Instrument: Illumina HiSeq 4000
Strategy: RNA-Seq
Source: TRANSCRIPTOMIC
Selection: cDNA
Layout: PAIRED
Construction protocol: Samples were harvested at 4.5 G for 10 minutes, resuspended in 1 ml TRI reagent, and incubated at room temperate for 5 minutes. Amylene-stabilised chloroform (400 µl, Sigma-Aldrich 34854-M) was added to each tube, and incubated for 2-15 minutes at room temperature. Samples were then transferred to 5Prime Phase Lock Gel 'Heavy' tubes (VWR 733-2478) and centrifuged at 17 G for 15 minutes at room temperature.
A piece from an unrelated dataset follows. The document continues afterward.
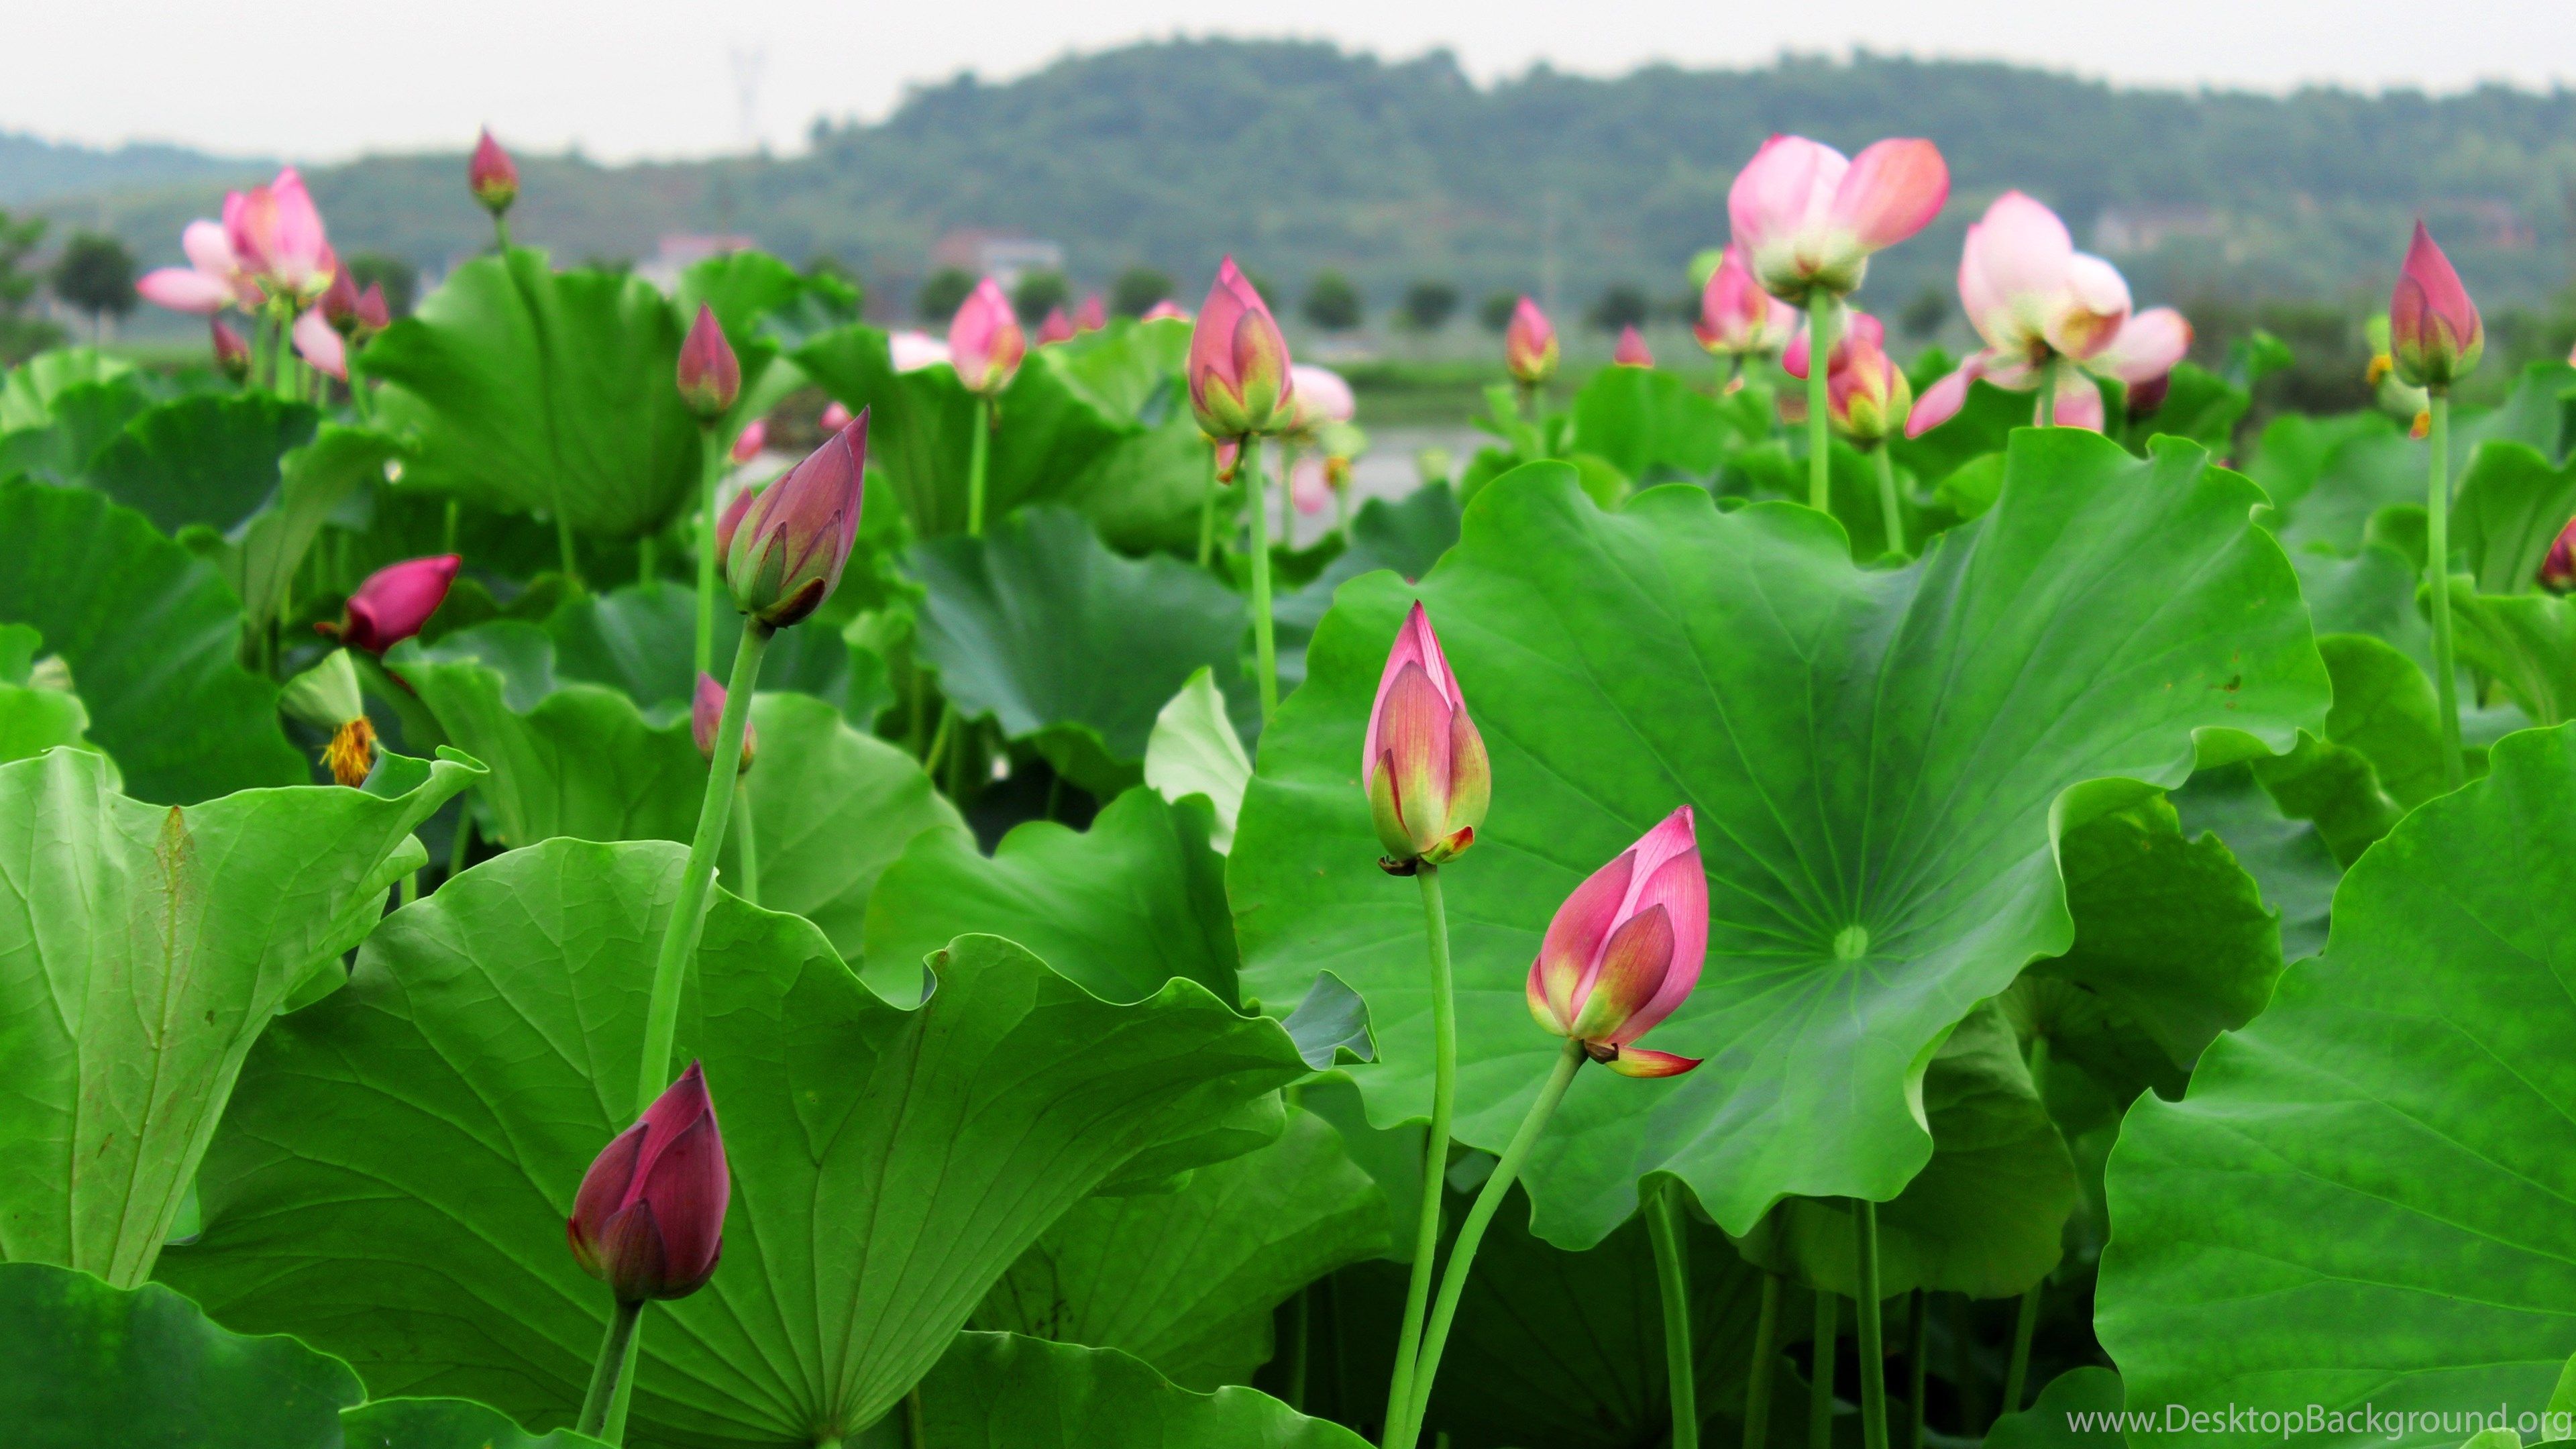 Summer Lotus Flower Wallpaper Lotus Flower Picture & Image Desktop Background

The aqueous phase was collected into a fresh microfuge tube and 450 µl isopropanol was added to precipitate RNA. Samples were incubated at room temperature for 30 minutes before pelleting at 17 G for 30 minutes. The pellet was rinsed by gently adding 1 ml of 70% ethanol and pelleting at 7.5 G for 5 minutes. The supernatant was carefully removed and the pellet allowed to air dry before resuspension in RNase-free water at 65°C. To remove any residual contaminating DNA, RNA was diluted to ≤200 ng/µl and treated with TURBO DNA-free RNase-free DNase (Invitrogen AM1907) according to the manufacturer's instructions. Reaction products were purified with Agencourt RNAClean XP beads. Ribosomal RNA was removed using the Bacterial RiboZero rRNA depletion kit (Illumina). NEBNext Ultra-Directional RNA library preparation kit (Illumina). Sequencing is 'reverse-stranded'.